Energy Models for Signal Processing and Matrix Factorization
- Author(s): Meyer, Travis Robert
- Advisor(s): Bertozzi, Andrea L
- et al.
In this work, we present a variety of energy-based methods that are solutions to problems in the fields of microscopy, hyperspectral and medical imaging, and data mining. These solutions are formulated from the perspective of extremization an energy function capturing deviation of the solution from observations and desirable properties. First we present new methods for improving imaging acquisition rates of atomic force microscopes. We propose and experimentally demonstrate image inpainting as a way to liberate scanner position limitations thereby enabling faster scans. Traditionally the scanner takes measurements in a raster pattern; in this work, we demonstrate that high-quality surface reproduction is attainable by sampling with non-raster patterns using variational image inpainting. With non-raster scan patterns existing thermomechanical drift error removal approaches no longer can be used. We propose a solution to this task with a highly effective corrective technique that utilize points of self-intersection. Our model only requires a few points of self-intersection that have minimal impact on scan time. Our correction model is potentially numerically unstable in some special, though easy to produce, cases. We propose a fitness based on analysis of the model energy that quantifies how well our method will perform for a given scan path. With minor experimental design modifications, often resulting simply from uncertainties in the scanner positioning, this fitness can be drastically increased and issues thereby alleviated. Due to its desirable properties, we focus specifically on improving the Archimedean spiral scan. By considering basic limitations of the scanner's tip speed and resonant frequency, we derive the parametrization that exactly obeys limitations while minimizing total scan time. With small and reasonable approximations the form of this scan becomes analytically simple to state and easy to implement in practice. We defend this optimal parameterization against other choices from the perspectives of scan time, scanner limitations, and sampling distribution uniformity.
In the area of medical imaging we address the issue of signal cleaning for simultaneous electroencephalographic and functional magnetic resonance imaging. During acquisition dominant signals are produced through the ballistocardiographic effects that have challenge variability over time. Noting some properties of the signals, we propose applying an existing model known as low-rank + sparse matrix decomposition. We performed experiments with twenty individuals in simultaneous capture to observe decreases in alpha-band neural activity following Gabor flashes and find that the proposed method improves signal cleaning results considerably when compared to an existing method known as independent component analysis. In the domain of hyperspectral unmixing we address the problem of unmixing with spectral variability. We propose and study using social sparsity to enforce sparsity assumptions in the context of existing models that extract per-material endmember bundles. In a trio of experiments, two quantitative and one qualitative, we demonstrate that social sparsity - in particular group lasso - improves the solution.
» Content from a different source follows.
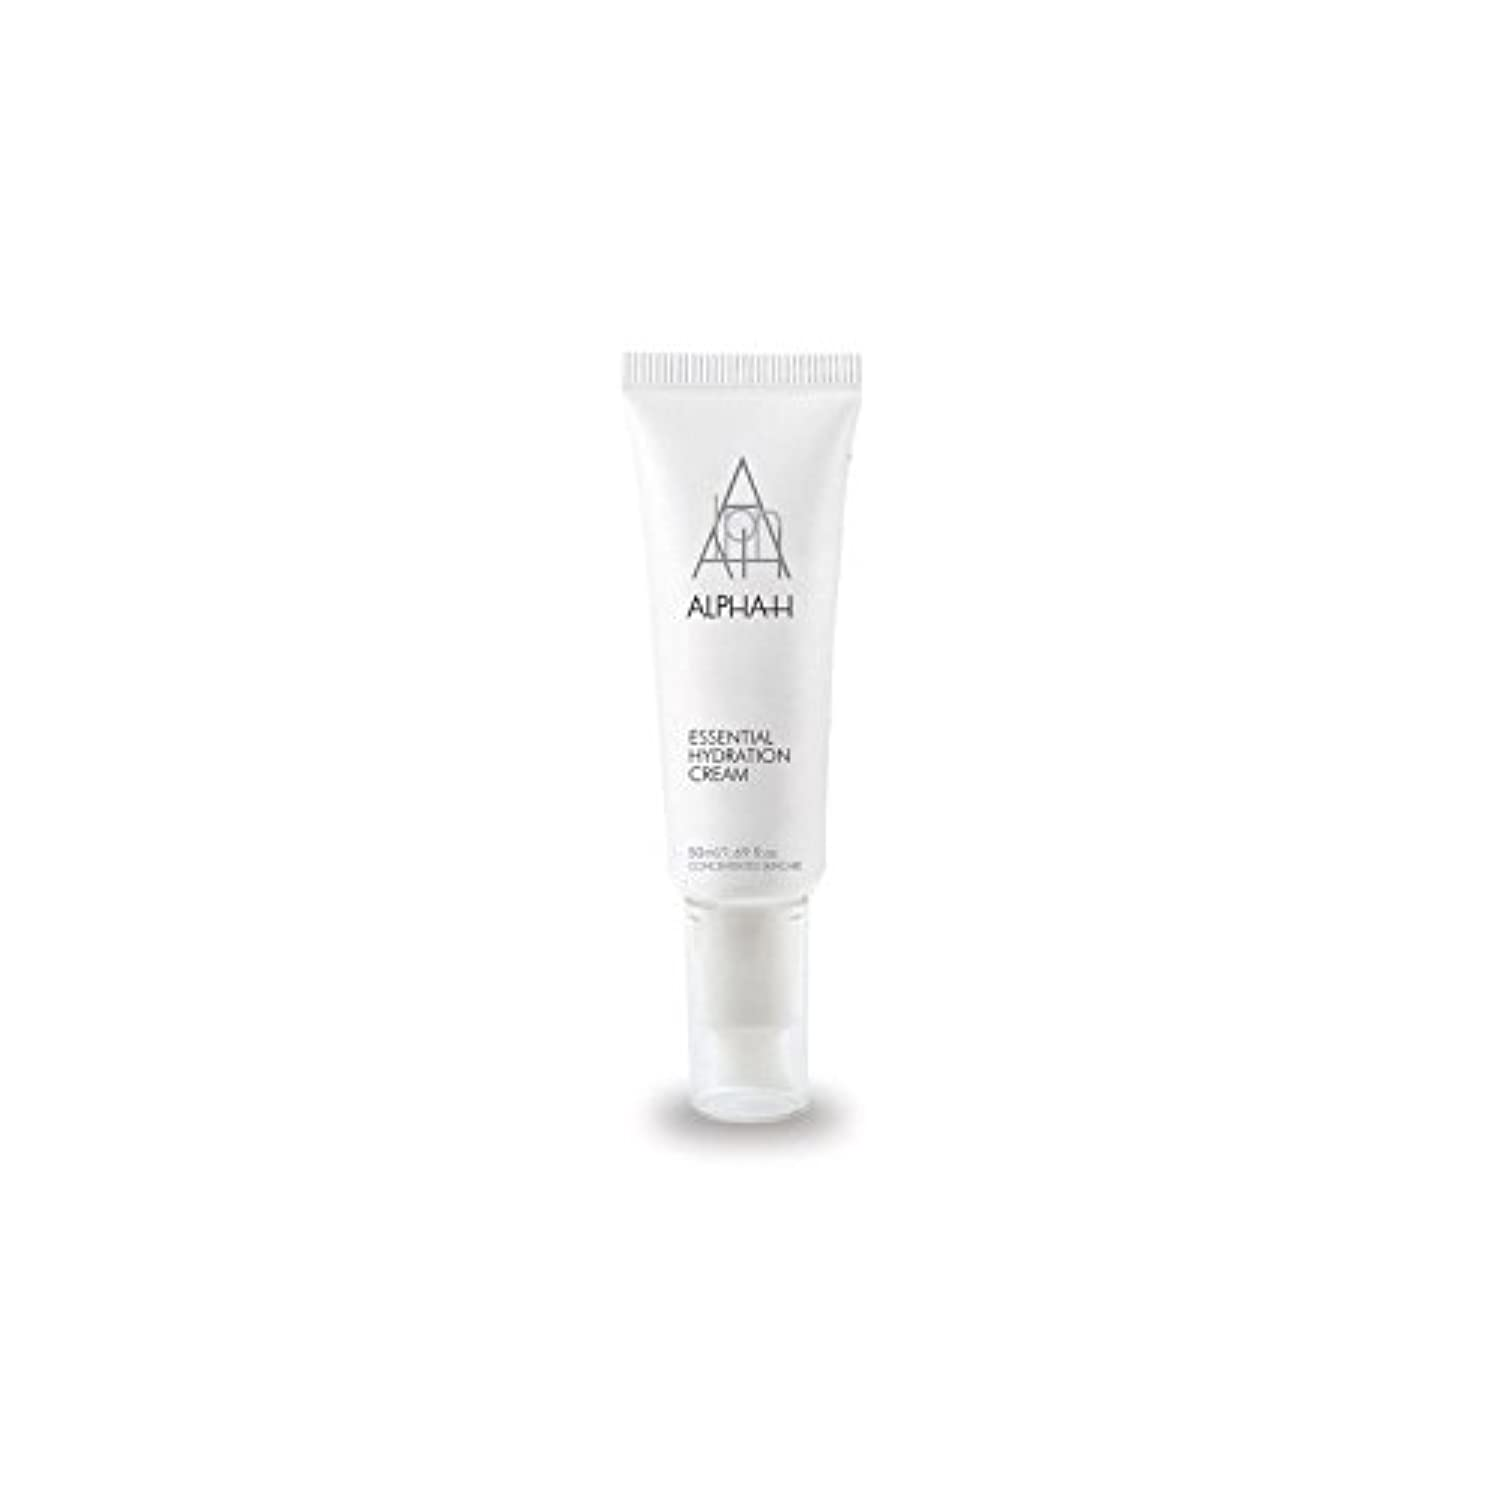 アーティファクト哀れなロードブロッキングAlpha-H Essential Hydration Cream (50ml) - アルファ必須水和クリーム(50)中 [並行輸入品]

In the final chapter of this work we investigate the recently popular machine learning problem of topic modeling. We present two models for solving this problem - latent Dirichlet allocation and non-negative matrix factorization - in their original forms, review the literature, and present what is known about the analytic relationship they share. In practice, because the problems are non-convex, the inference or optimization technique plays a role in solution quality. We therefore also summarize three popular algorithms for these models and frame the algorithms themselves in a common variational setting specific to the topic modeling problem. In addition to contributing this perspective for the models and algorithms together, we experimentally demonstrate differences in performance for the methods as well as practical topic model results. The final contribution of this work is two metrics for studying the distributional properties of topics extracted from documents with additional information e.g. time or location.
We study these metrics with a geotagged Twitter data set taken from Madrid throughout 2011 and find that these simple metrics provide a useful summary for topics and can significantly simplify the initial process of studying topic model results when the number of topics is large.